Если вы удивитесь, что не видите его больше, и побеспокоитесь о нем, метрдотель и все слуги с улыбкой ответят вам, что ему стало лучше и что он, по совету врача, уехал в Италию. А правда в том, что у Смерти в каждой гостинице есть своя потайная лестница.

Чехов, доктор Чехов харкал кровью, но уверял себя и близких, что это: простуда, бронхит, плеврит, просто кашель. Исхудал и мучительно умер от чахотки брат Чехова, умирал от чахотки Левитан... И как ни гнал знаменитый русский беллетрист от себя черную мысль, но доктор в этой личности никогда не спал. И все понимал. И однажды чахоточный Чехов взял в руки новую вещь бесконечно им ценимого Мопассана с тихим, безмятежным, гладким названием «На воде» и прочел:
Розы, розы, повсюду розы! Поистине необходимо это множество роз и цветущих лимонных деревьев, чтобы никогда нельзя было уловить в дуновении ветра ужасный запах, исходящий из комнат, где лежат покойники. Ужасный недуг, не знающий пощады и называемый нынче туберкулезом, недуг, который гложет, жжет и разрушает людей тысячами.
Когда тебе описывают красные, чайные, белые розы, пейзажи и ароматы южной Франции, Лазурного берега, никак не ждешь, что на тебя налетит локомотив и фраза закончится могилой, твоей могилой. Вот какую книгу Чехов оставил в «Чайке» на крокетной площадке.
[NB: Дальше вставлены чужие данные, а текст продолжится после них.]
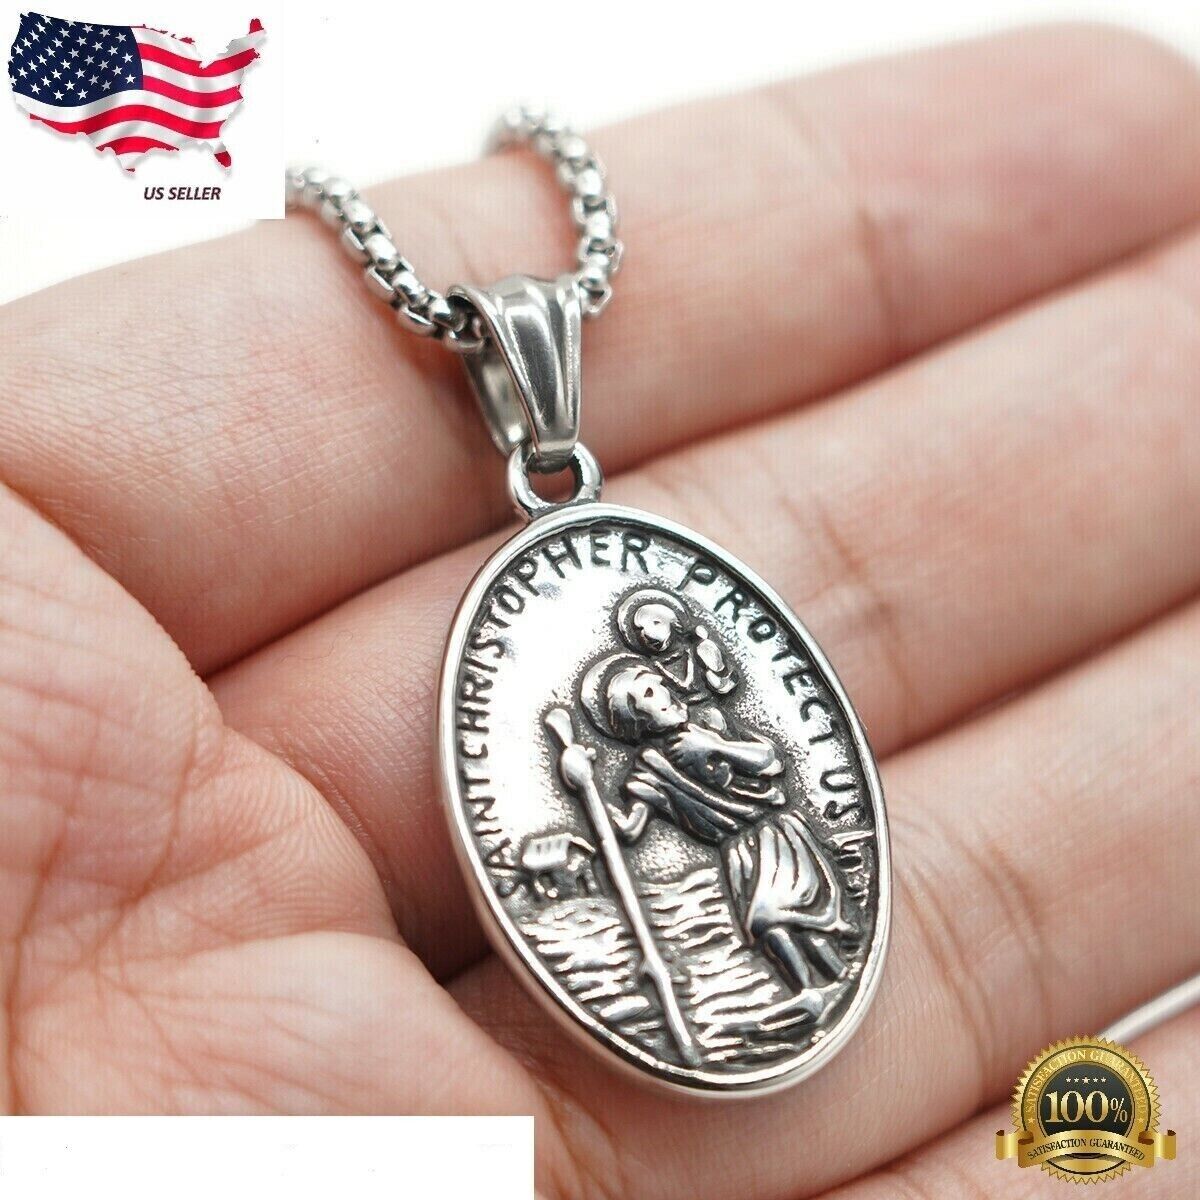 MENDEL Mens St Saint Christopher Medal Pendant Necklace Stainless Steel Amulet

...Он умер в гостинице на другом курорте (не во Франции, а в Германии). Баденвейлер — еще один «восхитительный и теплый край» — еще одно «цветущее кладбище аристократической Европы».
Навсегда...
Вам может быть интересно:
- Получил «Грэмми» раньше, чем съел первый в жизни «Биг мак». Интервью с казахским диджеем Imanbek
- Arzamas и «Намедни» Парфенова теперь закроются? Чем опасен новый закон о «просветительской деятельности»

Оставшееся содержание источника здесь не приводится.